The implications of such findings are worrying. They point to the failure of the National Mental Health Programme to make a positive difference, and also highlight how underprepared India is to deal with a subject as complex and large-scale as mental health. It is not enough for the law to recognize mental illness as deserving of attention; the implementation of the law must be thorough. More important, medical care for such illnesses must not only involve providing facilities to those in need of help, but also actively address deep-rooted prejudices that contribute to the shame and silence around the issue. How is the latter to be achieved when primary care centres lack even basic facilities, or when no clinic exists for 26 per cent of people within a 50-kilometre radius of their place of residence?
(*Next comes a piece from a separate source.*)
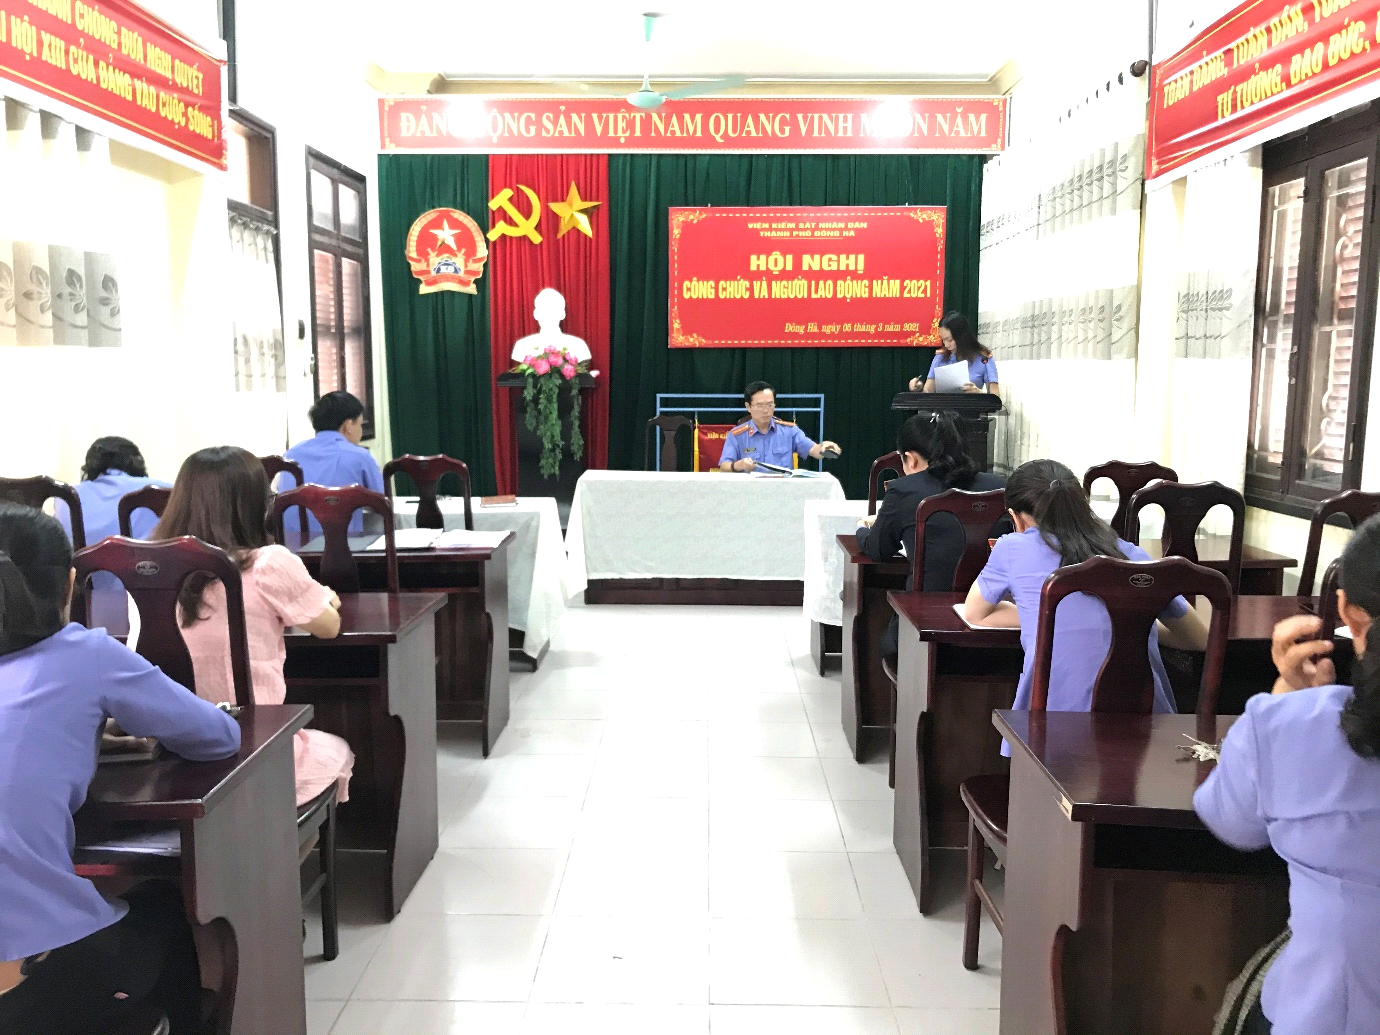 Hình ảnh hoạt động Viện kiểm sát tỉnh Quảng Trị

Primary healthcare units in rural areas, with their meagre resources, are unlikely to even possess awareness about mental health, let alone consider it a priority. Moreover, where treatment is available, the costs are prohibitive, and 80 per cent of patients either have no insurance or think that treatment is not covered by it. A vicious cycle, thus, persists: the unavailability of facilities, owed in large part to private players’ lack of participation in the mental healthcare sector, renders an acute problem invisible, and this invisibility allows ignorant attitudes to thrive. Even though the law prohibits employers from discriminating against people with mental health issues, those with histories of such ailments, especially women, have a hard time finding jobs. The scale of the task ahead is overwhelming; unless the State and civil society work together to find comprehensive solutions to a layered problem, it will become even more insurmountable.